Acajutla - City of El Salvador
Acajutla is a seaport of El Salvador. The town is located at the Pacific Coast of Central America and is El Salvador's principal seaport from which a large portion of the nation's exports of coffee, sugar, and balsam are shipped. As a municipality, Acajutla is one of seventeen such districts in Sonsonate.
Spanish conquistador Pedro de Alvarado, under the command of Hernan Cortés, had conquered Mexico and Guatemala before coming to the vicinity of Acajutla. There he met heavy resistance, but defeated the indigenous people in 1524 and conquered all of present-day El Salvador at the Battle of Acajutla.
Acajutla became an important colonial port for the Spanish Empire as part of the Kingdom of Guatemala, which was subordinate to the Viceroyalty of New Spain
The 1855 completion of the Panama Railway across the Isthmus of Panama further added to the activity at the port of Acajutla. With a convenient means of transporting goods between the Caribbean and the Pacific, additional shipping lines were created to carry these goods up and down the Pacific coast to and from the western terminus of the railway.

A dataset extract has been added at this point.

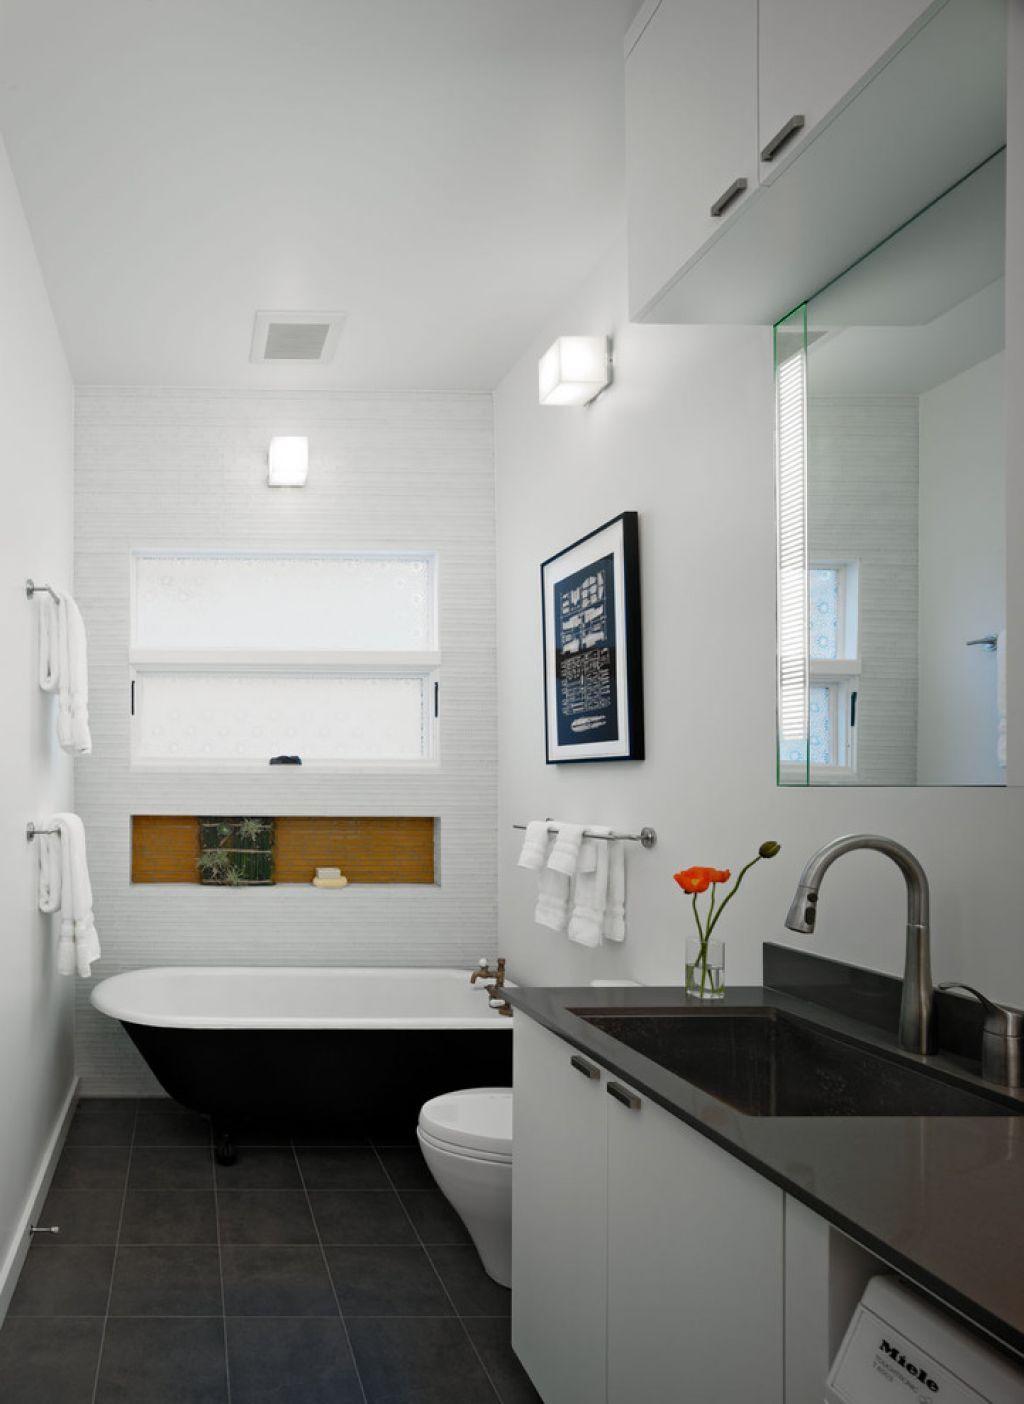 Small Narrow Bathroom With Black Clawfoot Tub | Ideas for the House ...

Acajutla was a regular port of call from which coffee and sugar were shipped to the East Coast of the United States and Europe.
As with all the Pacific Coast of Central America, the climate at Acajutla is continuously hot and humid.
There are some primary schools between them: Fe y Alegría, Lizandro Larín Zepeda, Julian Vasquéz Rojas, and some other primary schools, even a high school named Instituto Nacional de Acajutla.